The settlement we need isn't mysterious. Training should require licences or meaningful opt-out mechanisms. And yes some of us are advising this as AI addendums fall on our desks. Models should publish their sources and failure modes. File formats should carry provenance so attribution travels with the work. Creators should have collective bargaining power to negotiate terms. Public institutions should provide compute resources so capability isn't hostage to private platforms. Content moderators should have unions and trauma support and living wages. None of this requires moral sainthood. It requires the boring work of governance.
But governance doesn't trend on social media. Denunciation does. So we get the discourse we deserve: pure positions that change nothing while the actual architecture of power gets built by default. Every hour spent cataloguing the moral failures of someone using Midjourney for their newsletter is an hour not spent on procurement standards, on labour organising, on competition policy. The companies building these systems must be thrilled by how thoroughly we've been distracted by purity theatre.
The culture we keep won't be determined by our pronouncements but by our practices. Learn when speed is a trap. Learn to recognise when the model is fluent and wrong. Learn to put the tool down when presence matters more than productivity. These are skills, not moral positions. They're how we maintain human judgement in a world of automated suggestion.
The fire has already been stolen. The question now is whether we'll spend our time condemning everyone who uses the light, or whether we'll do the harder work of ensuring the fire gets distributed fairly and the people who tend it get paid. The woman in Dhaka has already decided. She'll take the privacy risk over the alternative of suffering in silence. The real question is whether the rest of us will catch up to her pragmatism, or whether we'll keep performing our virtue while the future gets written without us.



I've been watching the AI ethics debate from inside the tech world for two years now, and you've named something that's been bothering me but I couldn't articulate.
The purity performance is exhausting. While we debate whether using AI makes us complicit, people are quietly solving real problems like a small business owner generating product descriptions she couldn't afford to commission. The ethics committee gets to feel clean while the woman in Dhaka gets medical information that might save her life.

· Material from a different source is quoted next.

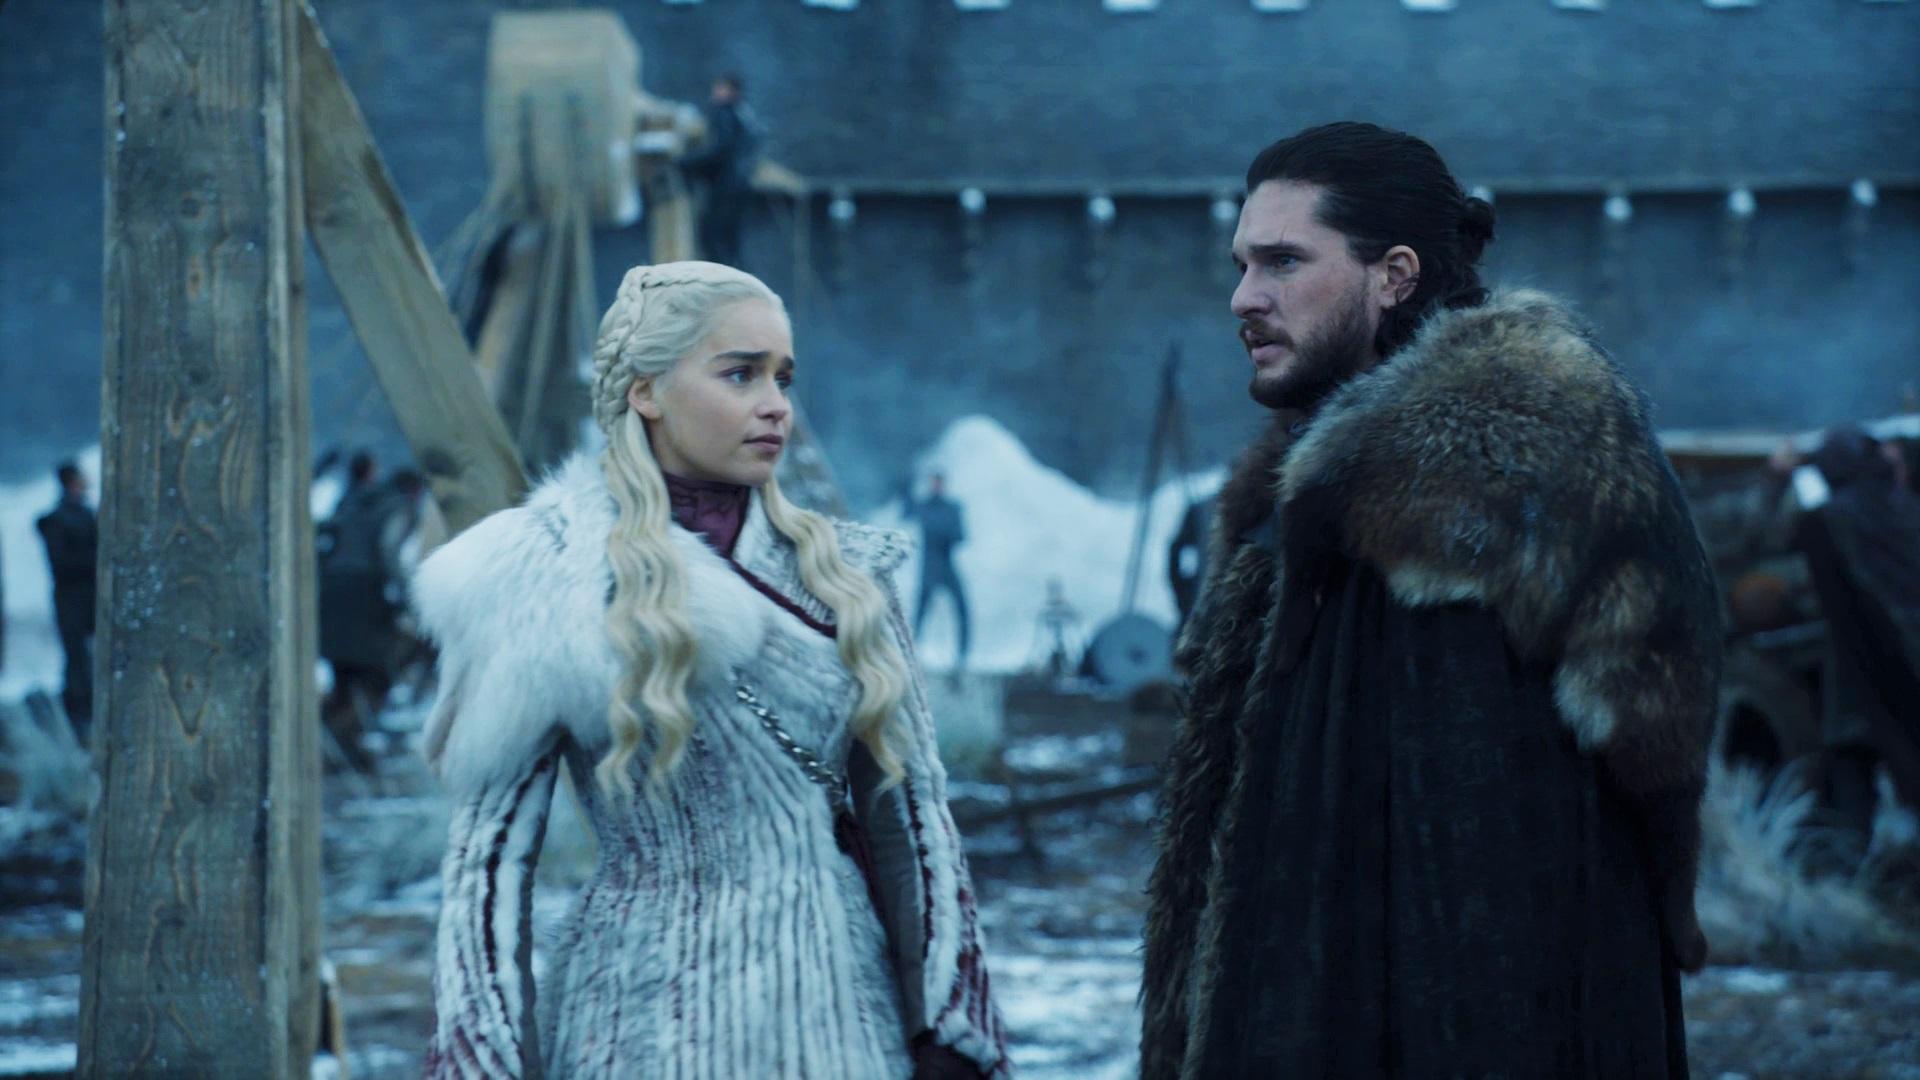 Jon Snow Daenerys Targaryen Season 8 801 Winterfell

Your point about where the real work needs to happen: procurement standards, labor organizing, competition policy, that's where change actually lives.
But it's harder than posting about boycotts, so we get the discourse we deserve instead of the governance we need.
Hi Carlo, as a person growing up in Dhaka, your first paragraph threw me off. I appreciate the essence of your argument but a teacher in Dhaka is instructed to just have all the worksheets in one language either Bengali or English. Even though people speak many different mother tongues, the country and the schools don’t recognize and accommodate them. If you want to use an example from Bangladesh (as an example of people living in contradiction), here are some better examples: 1. A woman in Dhaka sharing pictures of her intimate body parts to chatgpt to get answers to a physical problem, because female doctors are still very rare in Bangladesh and going to a male doctor is uncomfortable. 2. A user translating English medical reports to Bengali (because her English is not good and no access to good translators). 3. An older adult asking Chatgpt to remember his laptop password and credit card numbers.